Each has strengths and weaknesses. Deterministic systems can be rigid and struggle with messy, unstructured inputs. Probabilistic systems, while flexible, can produce false outputs – so-called hallucinations.

The most effective enterprise solutions combine both approaches, often referred to as hybrid AI or neuro-symbolic AI, integrating rule-based precision with probabilistic reasoning to create platforms that are both reliable and adaptable.
A C-Suite Playbook for AI ROI
For South African organizations determined to drive experimentation and achieve measurable ROI, AI adoption must be led by the entire executive team.
- CEO: Set strategic direction. CEOs need to shift the organizational narrative from “we need AI” to “we need to solve this specific business problem.” Successful leaders position AI as a tool to solve defined operational or strategic challenges, while emphasizing that AI is designed to enhance employees, not replace them.
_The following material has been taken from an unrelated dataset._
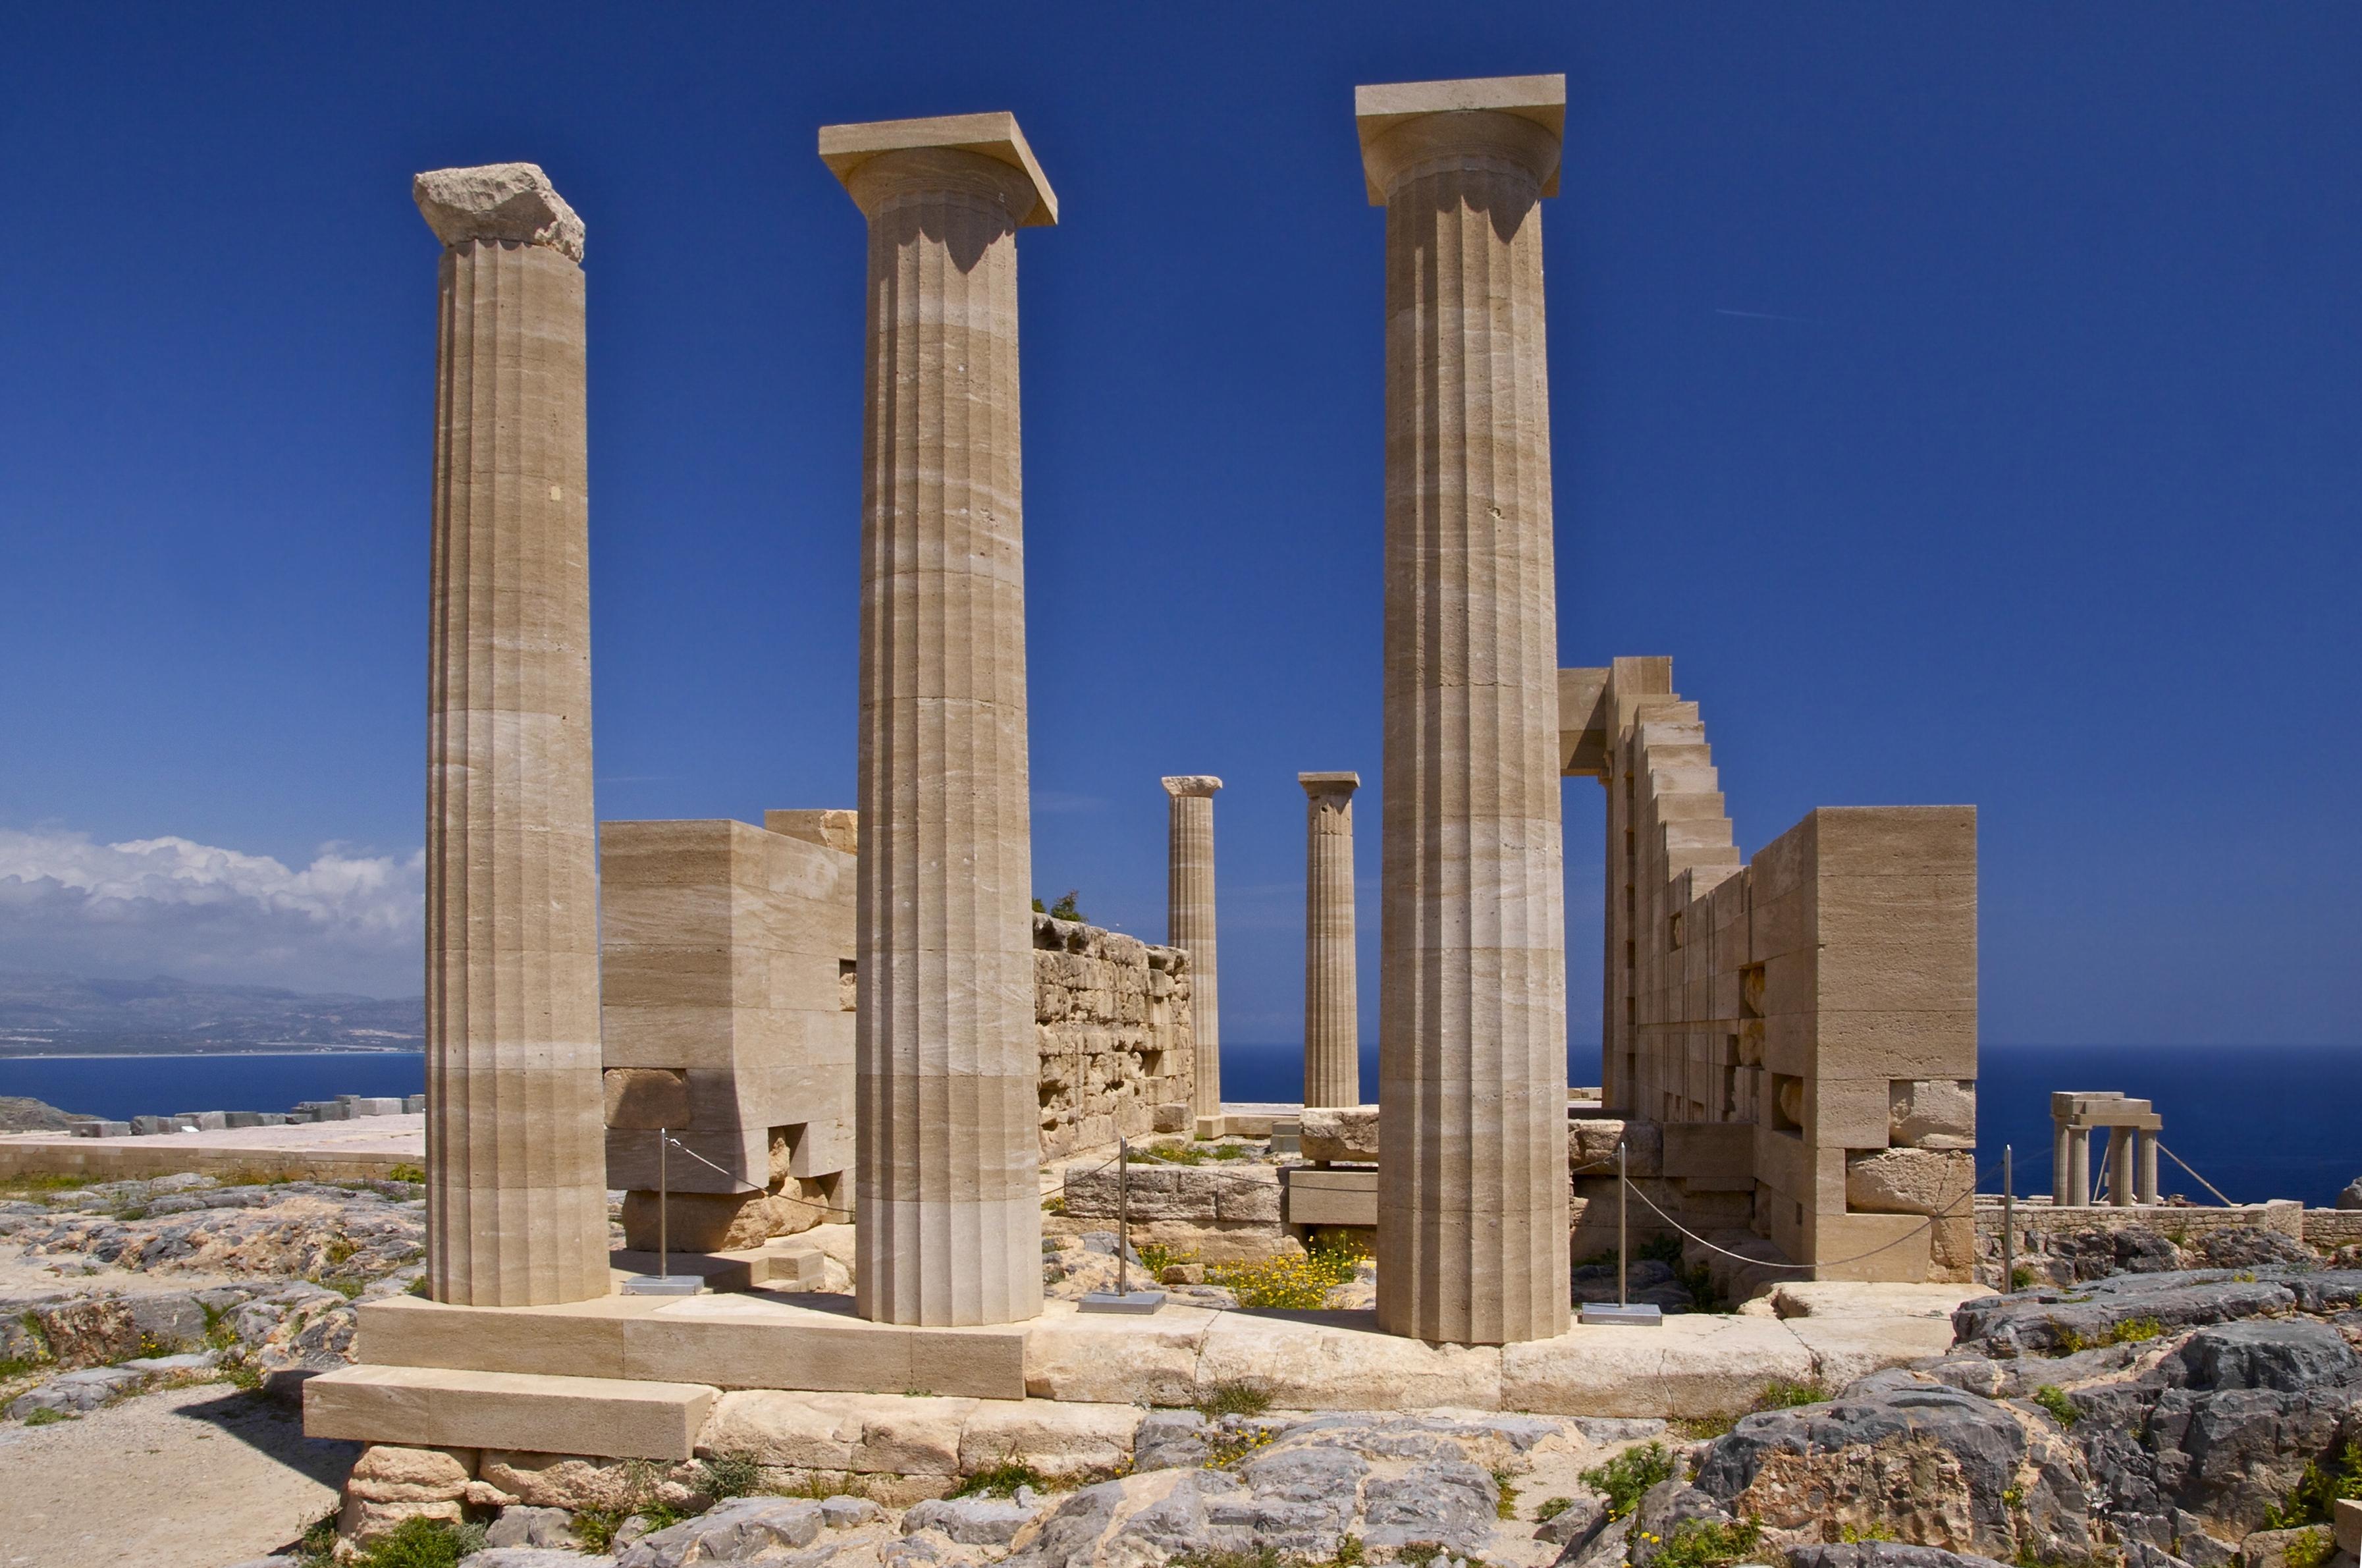 File:Acropolis Lindos Rhodes 1.jpg - Wikimedia Commons

- CFO: Enforce ROI discipline. AI investments should be treated like any other capital expenditure. CFOs should need clear success metrics before projects begin. Whether the goal is to reduce financial close cycles, improve customer acquisition efficiency or reduce operational error rates, results must be measurable and continuously monitored.
- CIO: Secure and strengthen the data foundation. AI is only as effective as the data it uses. CIOs must ensure that enterprise data is clean, structured, accessible, and secure. In South Africa, this also means ensuring compliance with the Personal Information Protection Act while enabling responsible innovation.
- CHRO: Create a hybrid workforce. AI adoption is fundamentally a workforce transformation challenge. CHROs should invest in upskilling, managing change, and redesigning the workforce. Employees need training on how to effectively collaborate with AI tools and manage digital workers.
- COO: Incorporate AI into operations. Rather than undertaking large-scale system overhauls, COOs should focus on embedding AI into existing workflows where it can remove friction and provide immediate efficiency gains. Incremental integration often generates faster and more sustainable ROI than large-scale change initiatives.
move ahead of the hype
The era of heightened expectations around AI is coming to an end – and for South African organisations, this is a moment of opportunity. The race to adopt AI just to claim participation is coming to an end. In its place is a more mature phase focused on practical implementation, disciplined investment and measurable results.
The organizations that succeed will not necessarily be those with the most advanced algorithms, but rather those that most thoughtfully integrate AI into their operations – and ultimately unlock sustainable, measurable ROI.